> [Your instructions]
Copy the records word for word. Pictures do not go in.

(Data records)
---

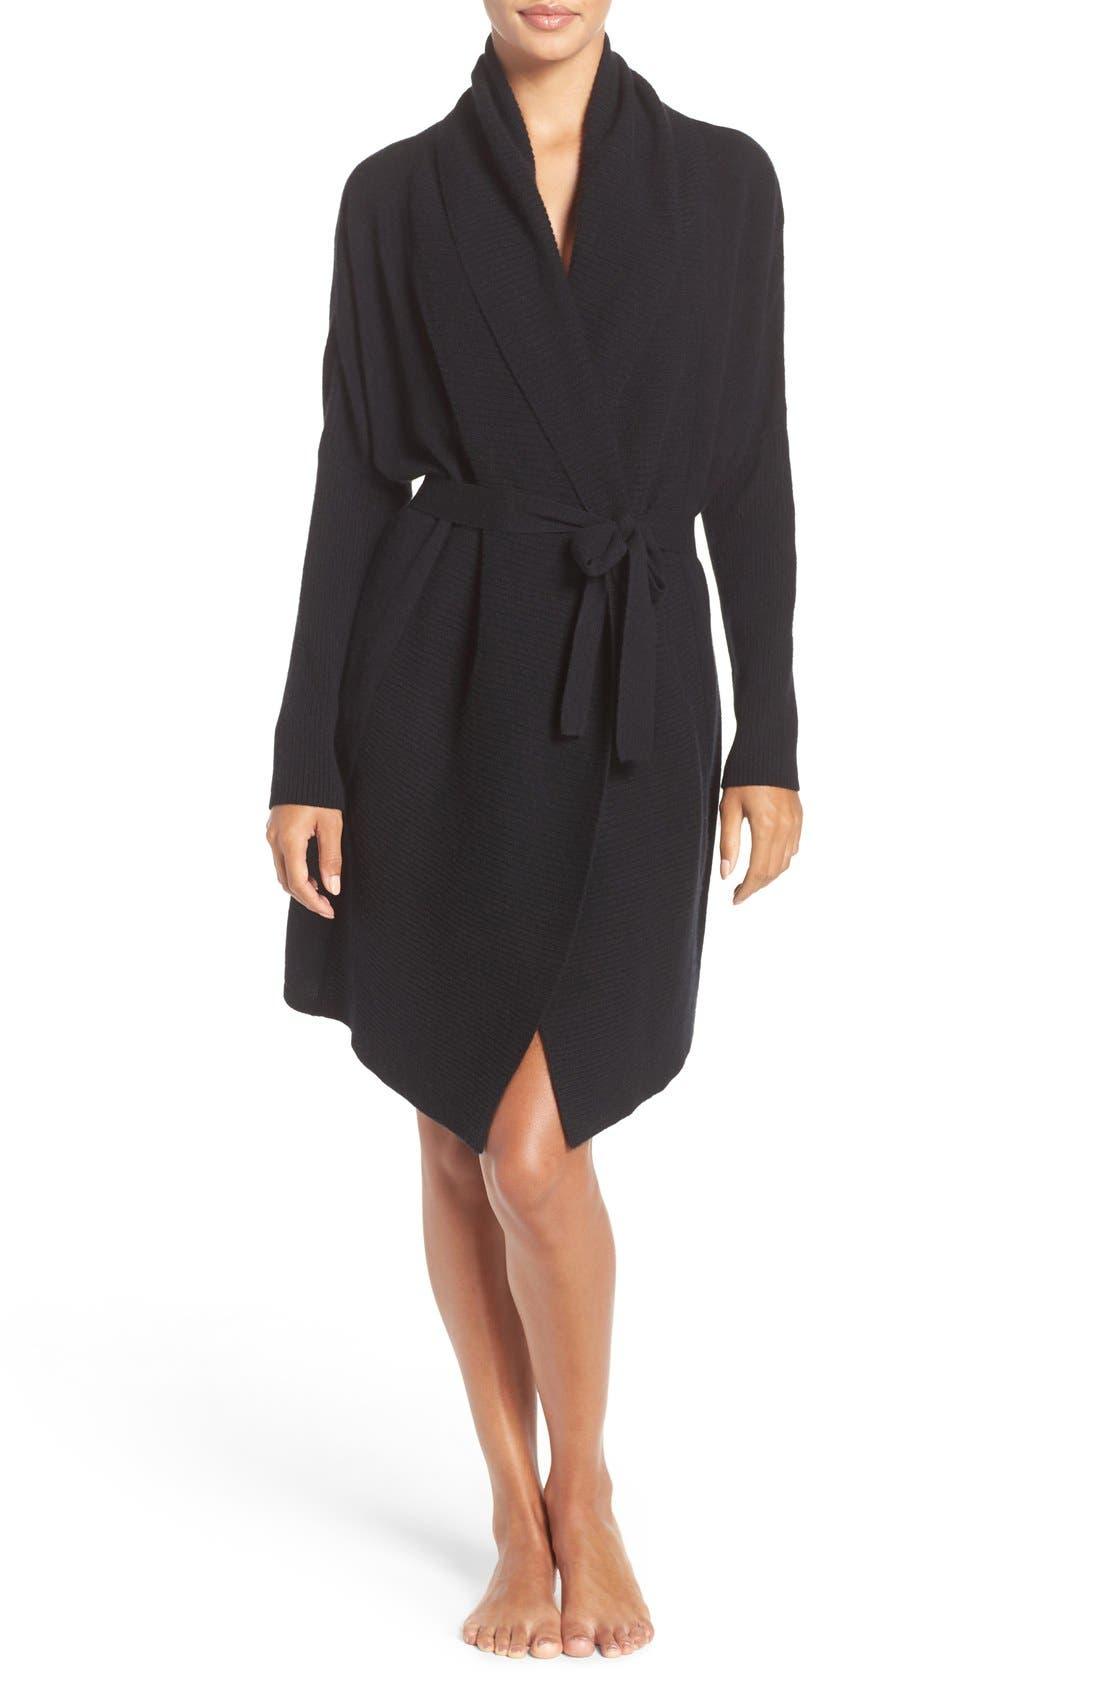 UGG 'Cheyenne' Cashmere Robe,                         Main,                         color, Black
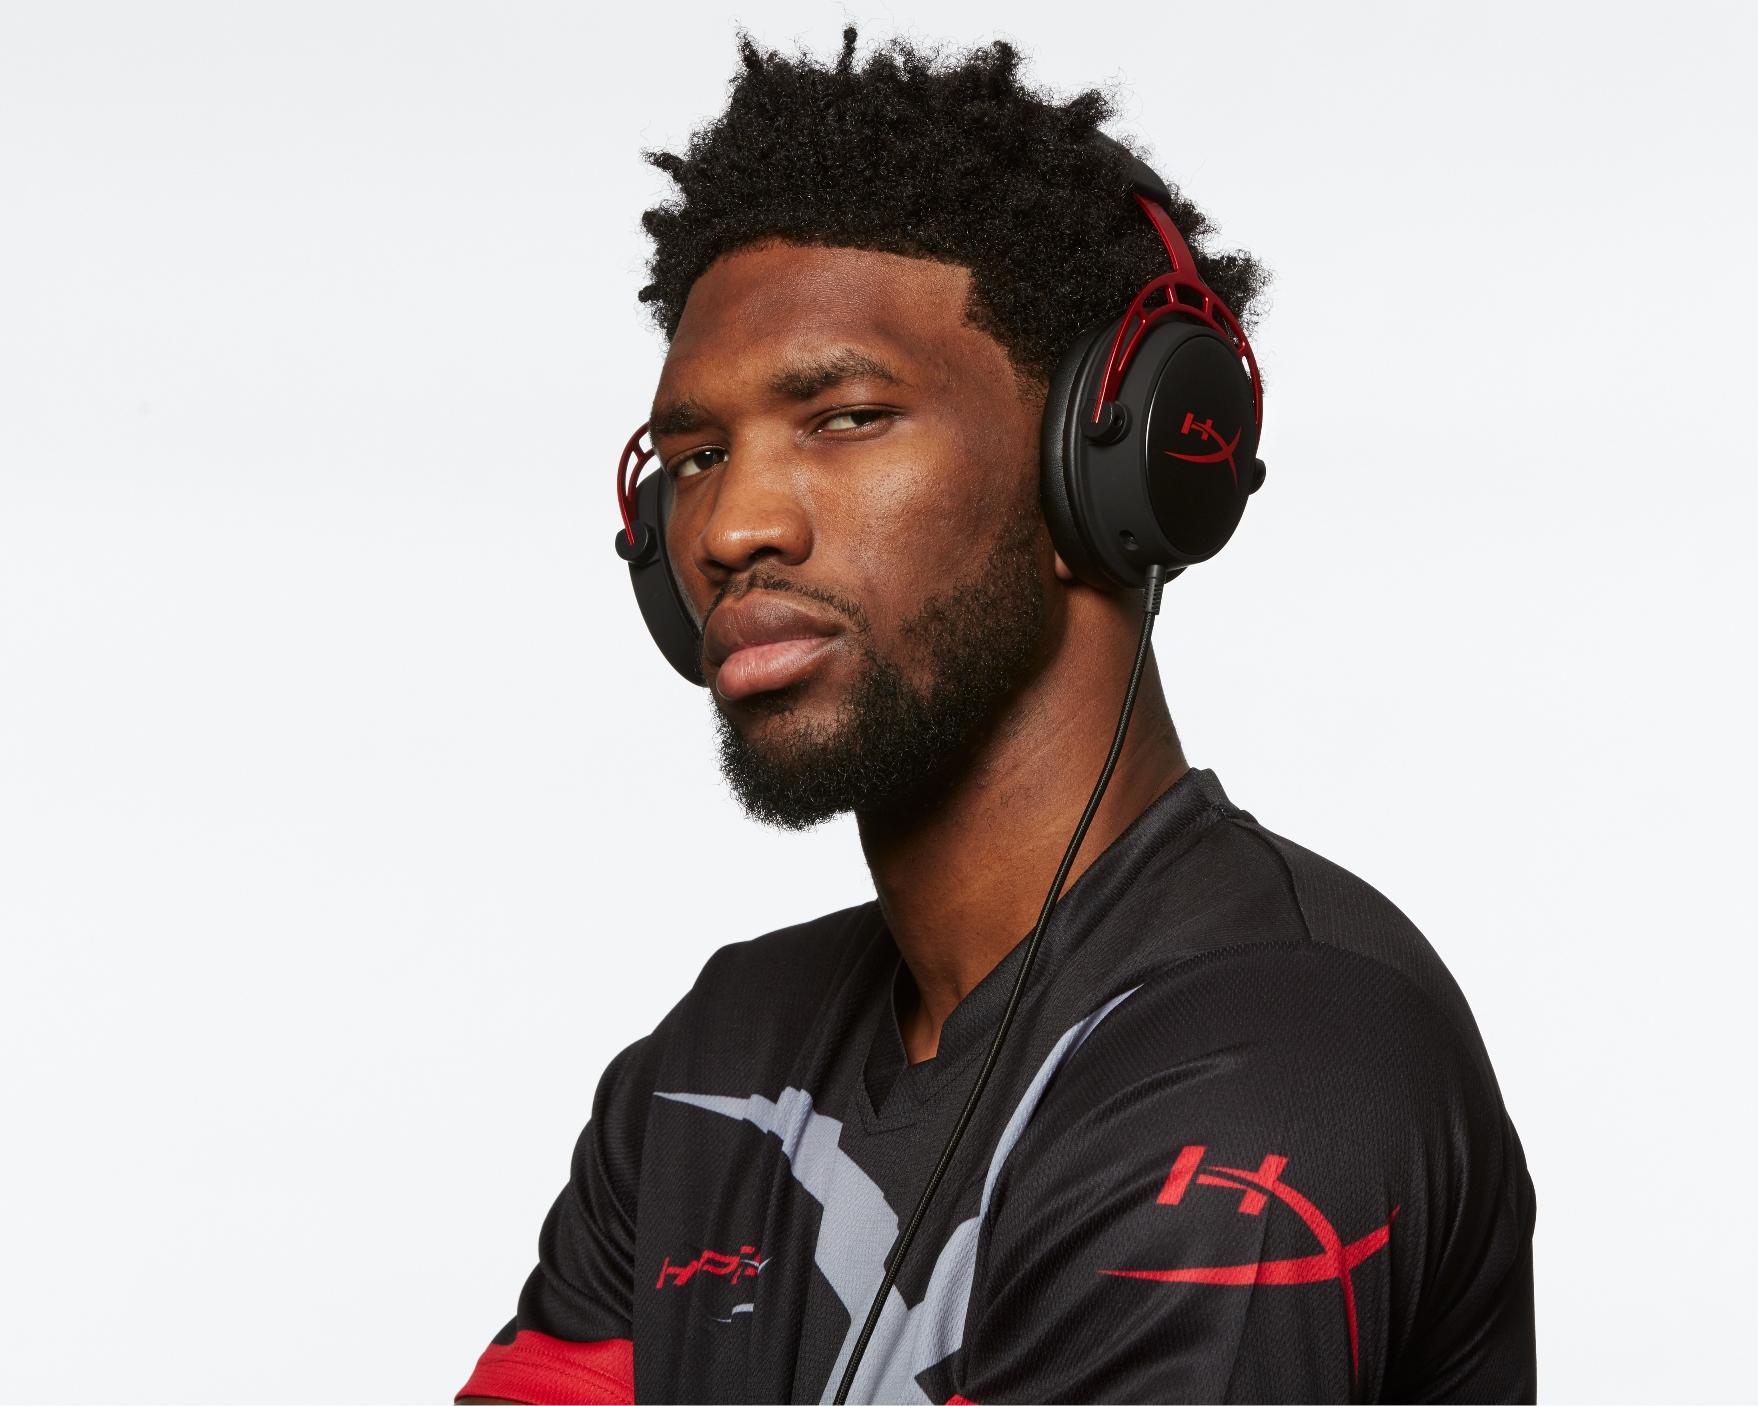 NBA 中鋒 Joel Embiid 都打機? 成為 HyperX 電競耳機品牌大使
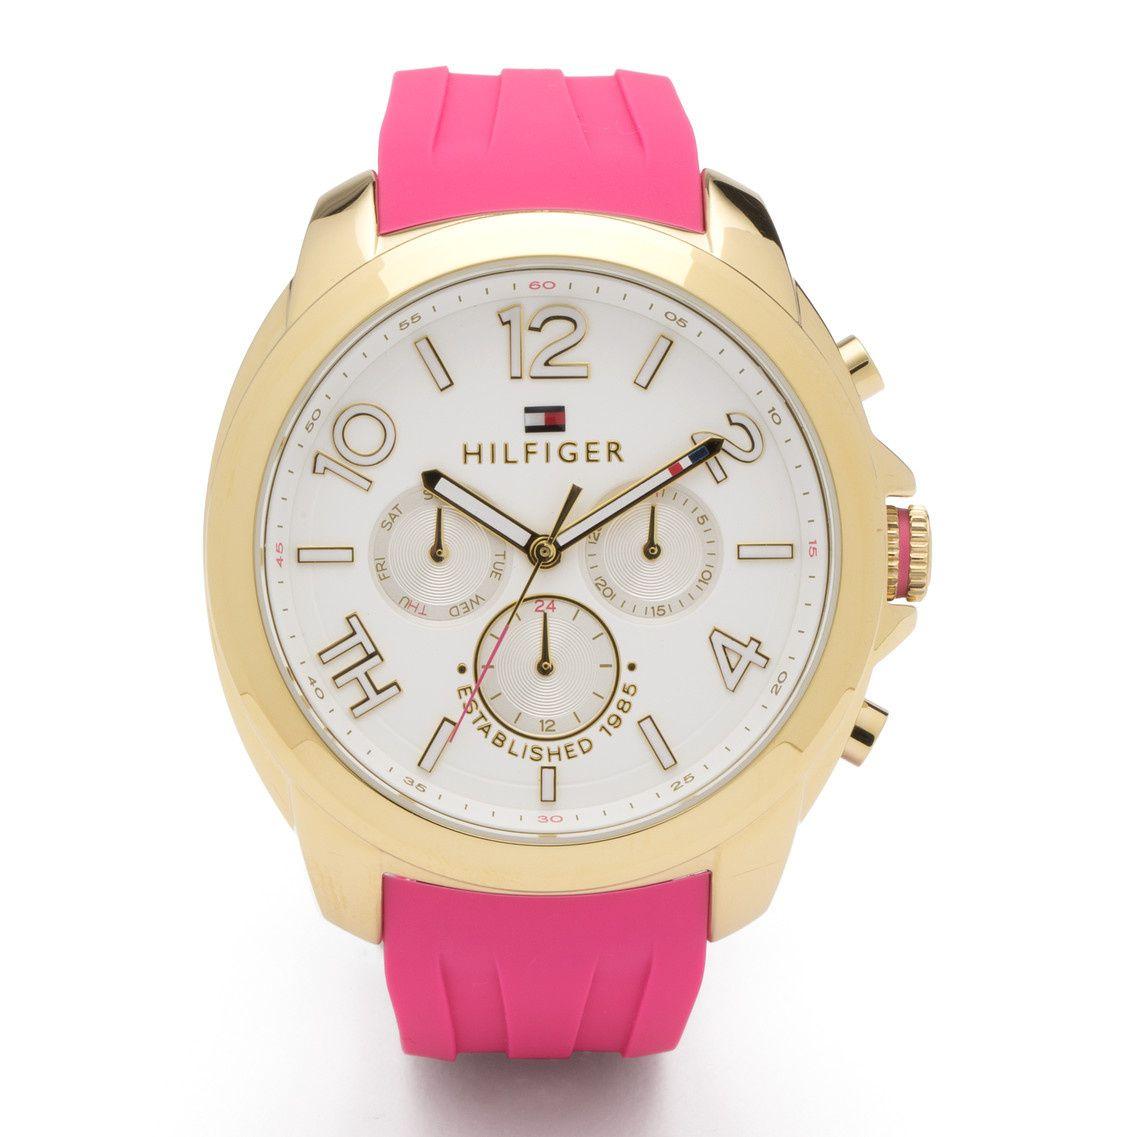 a9af3f3b7 Tommy Hilfiger Serena Reloj - Tienda oficial online Tommy Hilfiger ...
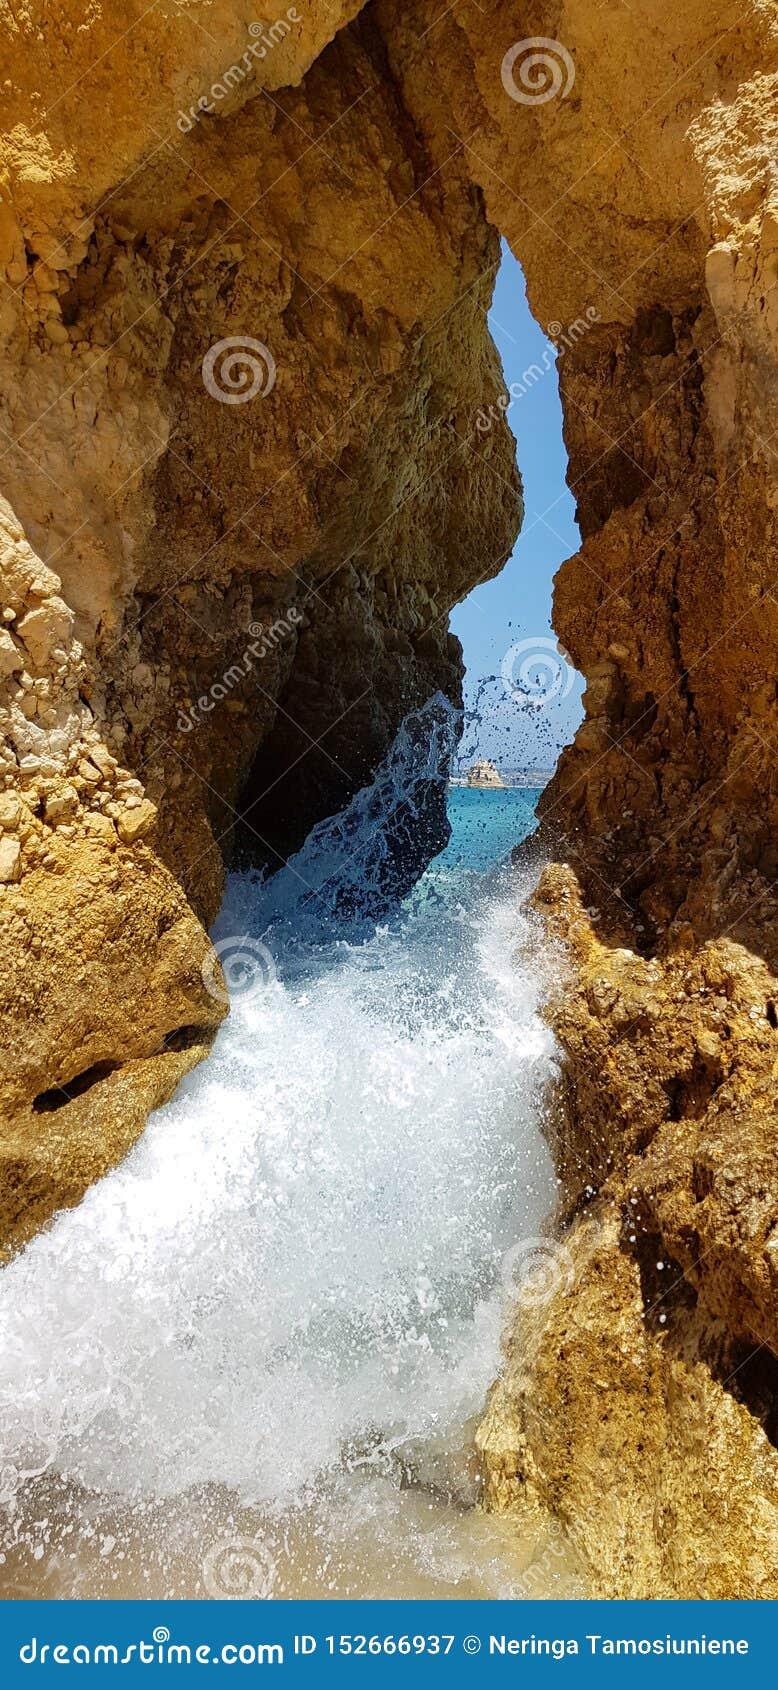 Penhascos bonitos na turquesa Oceano Atlântico perto do Praia Dona Ana da praia, Lagos, Portugal
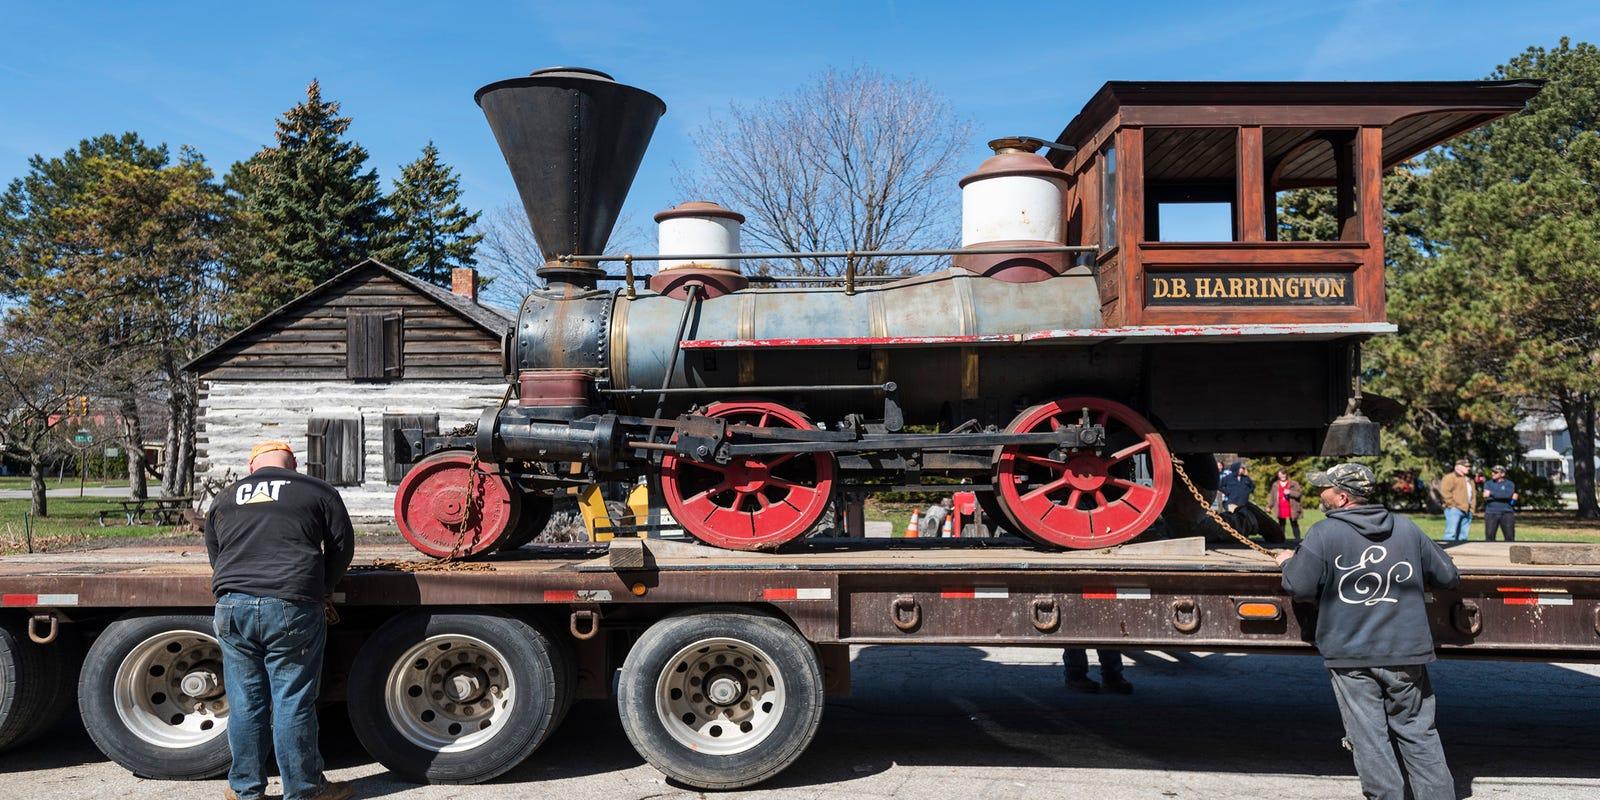 Port Huron Museum will put 140-year-old steam locomotive

---

> [Task answer]
 UGG 'Cheyenne' Cashmere Robe,                         Main,                         color, Black
 NBA 中鋒 Joel Embiid 都打機? 成為 HyperX 電競耳機品牌大使
 a9af3f3b7 Tommy Hilfiger Serena Reloj - Tienda oficial online Tommy Hilfiger ...
 Penhascos bonitos na turquesa Oceano Atlântico perto do Praia Dona Ana da praia, Lagos, Portugal
 Port Huron Museum will put 140-year-old steam locomotive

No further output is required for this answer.